**Work to complete**.
Of the material below, the lines to be retyped are those from the line containing "湖北玖丰隆化工有限公司" through the line containing "青州教体局区域应用案例", inclusive; reproduce them exactly.

**The input**.
--------

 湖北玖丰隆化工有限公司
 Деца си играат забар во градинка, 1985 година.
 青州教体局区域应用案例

--------

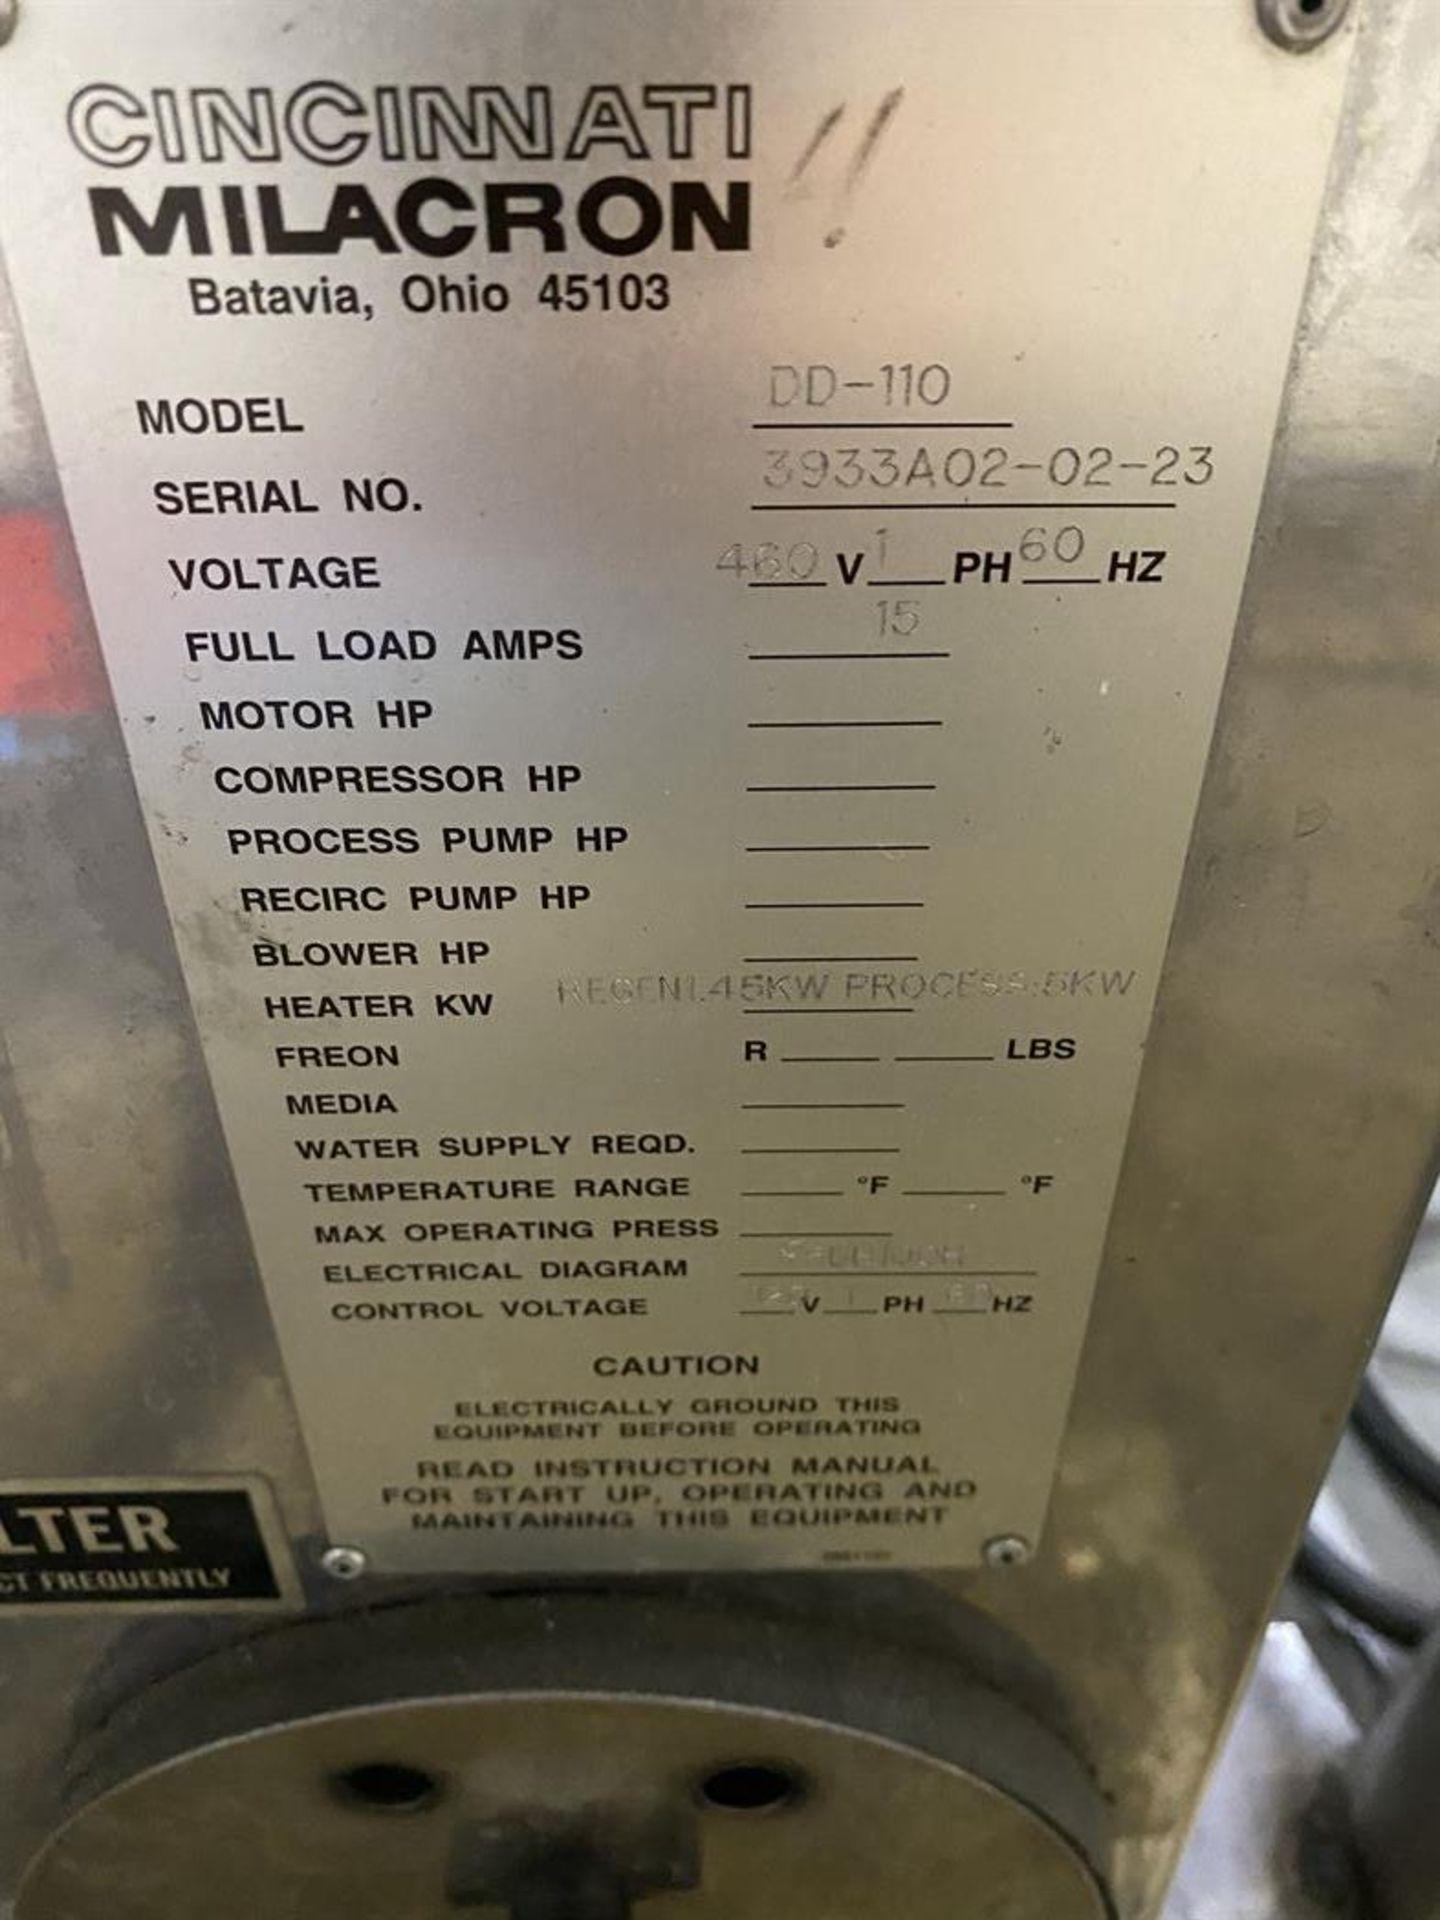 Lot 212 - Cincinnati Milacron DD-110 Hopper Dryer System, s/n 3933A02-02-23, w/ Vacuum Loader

--------

**Answer to this problem**.
 湖北玖丰隆化工有限公司
 Деца си играат забар во градинка, 1985 година.
 青州教体局区域应用案例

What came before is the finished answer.